If you want to spend some time exploring Galway city we highly recommend taking your own walking tour. From Bohermore to the Cathedral, the past of Galway is very much visible and you can learn a lot about Galway’s rich and exciting history.

A history buff or not, Bohermore Victorian cemetery is well worth a visit. Here you will find elaborate vaults, crypts and headstones. Some notable residents include: Lady Gregory, Lord Haw Haw and Pádraic Ó Conaire.


On the other end of Bohermore you will enter Eyre Square. It was once the entrance to the walled medieval city of Galway. You can see the Browne Doorway in Eyre Square. This was the elaborate entrance to the home of one of the city’s famous merchant families, although it is not in the original location. John F. Kennedy visited and made a speech in Eyre Square during his visit in 1963.

A stone’s throw away from Eyre Square is Lynches castle, a large medieval stone building on shop street. This building was home to another wealthy merchant family. The elaborate stone work seen on the building demonstrates the wealth of these families during this time. It is the only merchant home that is left fully intact.

Around the corner from Lynches castle you will find a peculiar stone wall with skull and bones carved into it. This is known as Lynch’s Memorial Window. Legend has it that in 1493 Mayor James Lynch FitzStephen hanged his own son for the murder of a Spaniard at the window of his home. Allegedly the term “lynching” came about from this event.


Behind this window stands the magnificent St. Nicolas Church, a church that embodies the rich history of the town. This church stood tall and mighty in the small medieval town of Galway and had been visited by many over the centuries including Christopher Columbus. It houses relics from the past such as tombs and stone carvings.

At the end of the lane you will find Legend of the Claddagh Ring visitor centre. Here you can learn about the romantic love story between Richard Joyce and his one true love of how the Claddagh ring came to be.

As you make your way down Quay street you will come across another Claddagh ring museum. You will find lots of Claddagh Ring memorabilia including the world’s smallest Claddagh Ring.

A small detour off Quay Street will lead you to The Hall of the Red Earl, a hall erected by Richard de Burgo in the 13th century. The building acted as a banquet hall, courthouse and tax office. It fell into ruin and was forgotten about until the 1990s when it was accidentally discovered along with over a thousand ancient artifacts.

At the end of bustling Quay Street you will find Blake’s castle, another townhouse once belonging to the Blake family. It was at a time used as a jail.

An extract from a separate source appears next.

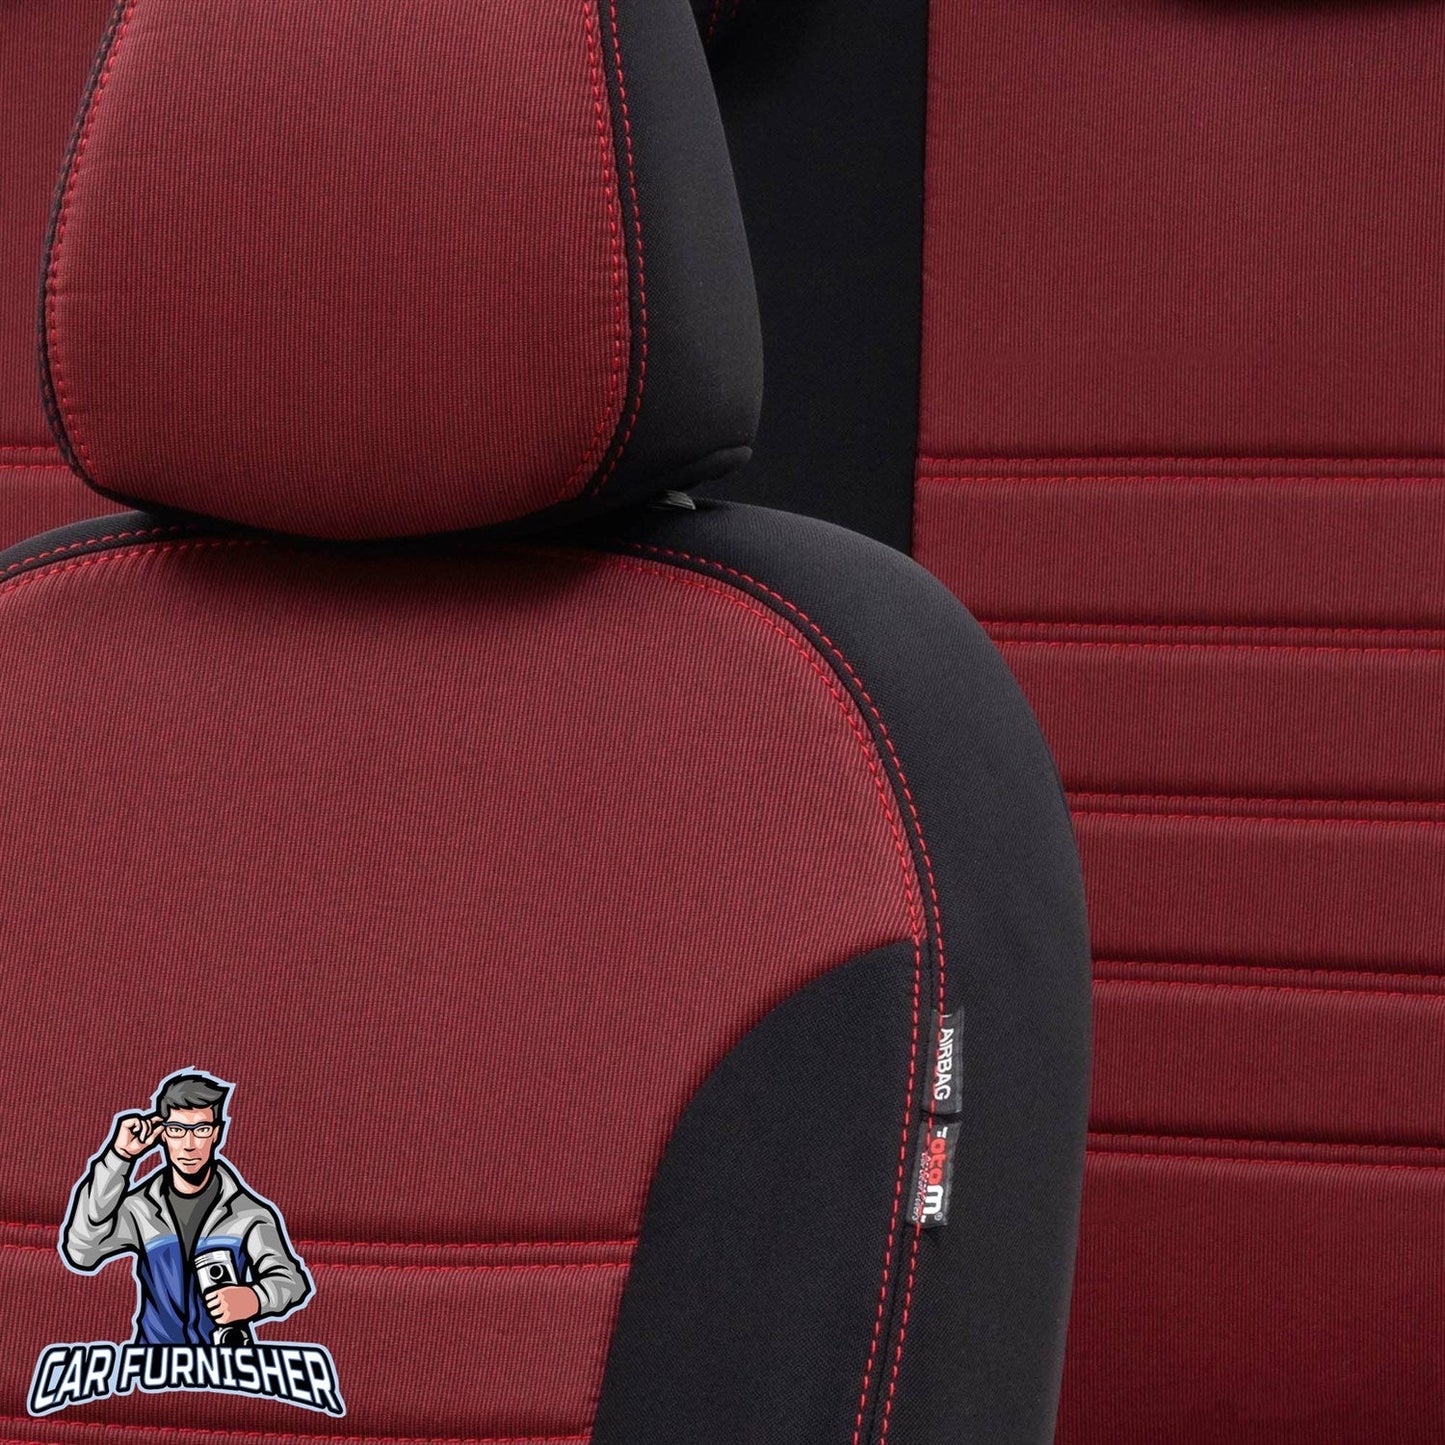 Mercedes GLC Class Seat Covers Original Jacquard Design Red Jacquard Fabric
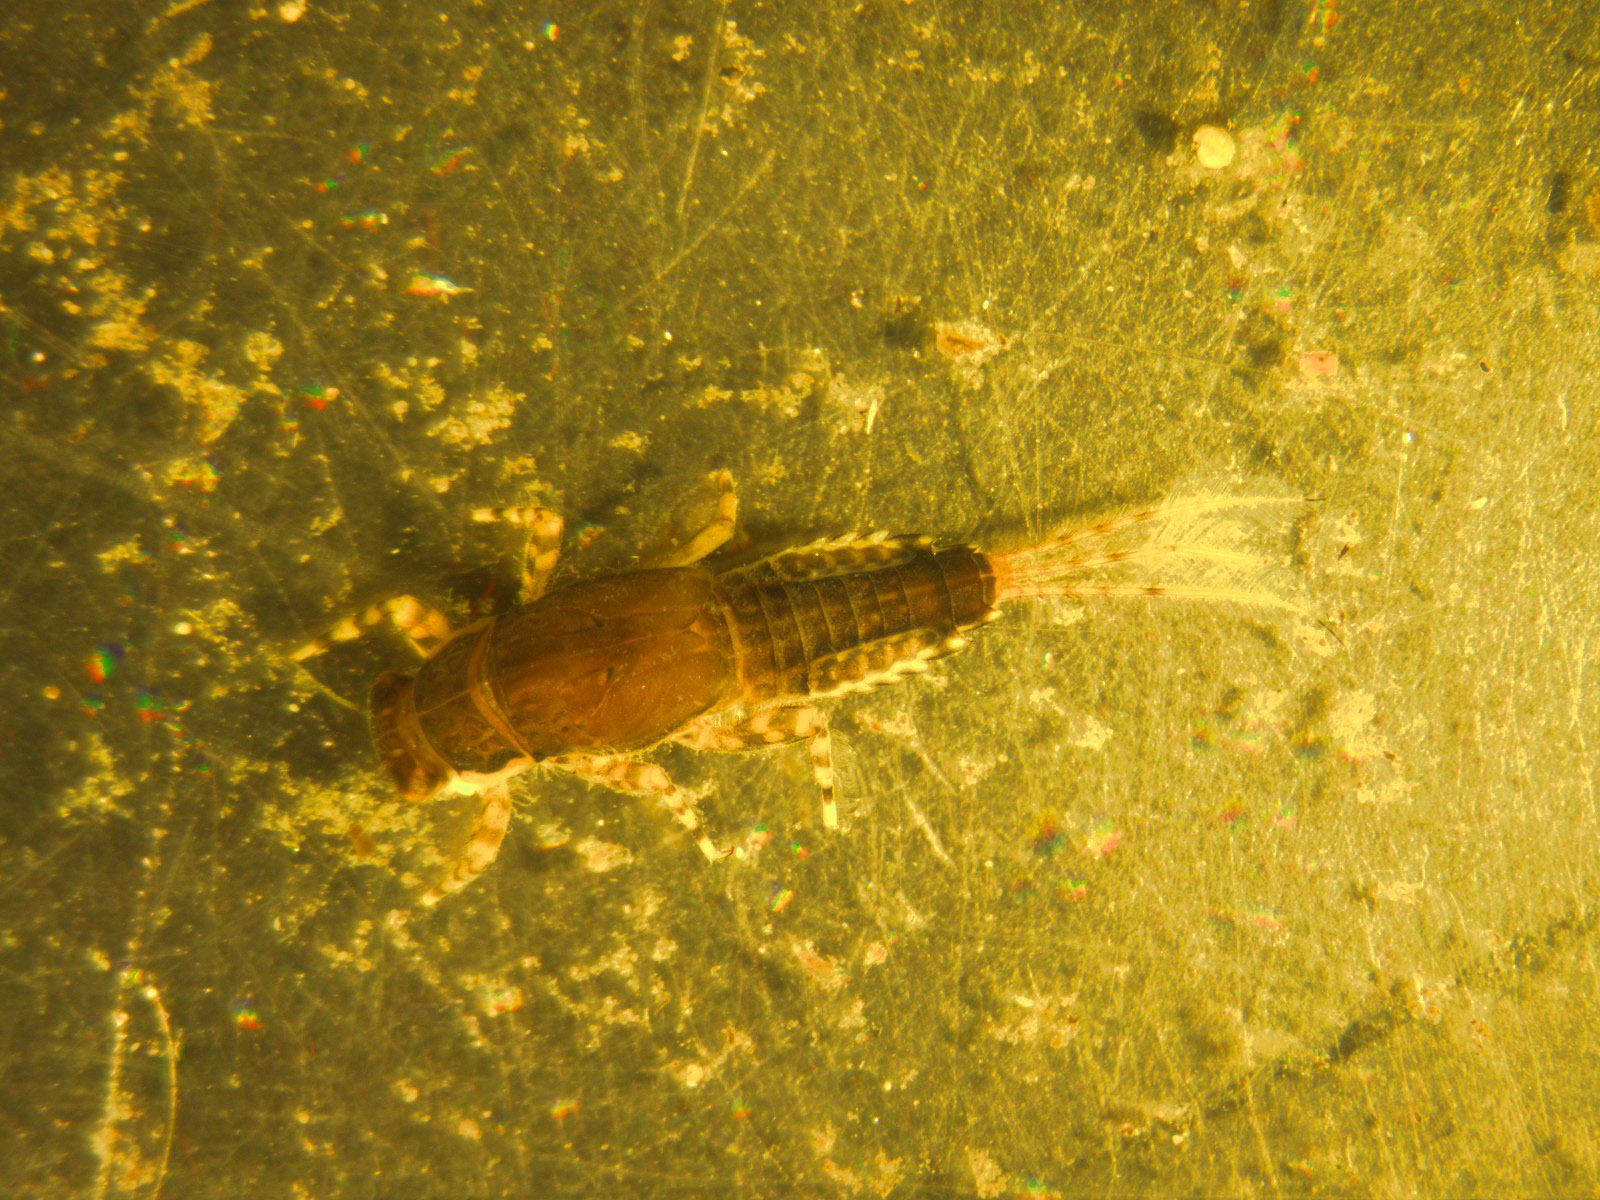 Ephemerella (Hendricksons, Sulphurs, PMDs) Mayfly Nymph from Rock Creek in Montana

The Spanish Arch is another part of the old city walls. The arch that remains was once used to protect the quays against looting. Soldiers guarded it from above with cannons.

Behind the Spanish arch you will find the Galway City Museum. It features a broad history of Galway and houses many artifacts from days gone by.

Lastly, if you cross the scenic Salmon Weir bridge, you will come to Galway’s cathedral. It’s location was originally the site of the old city jail. It’s interiors are something to behold. It features large pillars and marble floors and altars. It’s stained glass windows and painting ceiling are nothing short than breathtaking. Opened in 1965, it is one of Europe’s youngest cathedrals.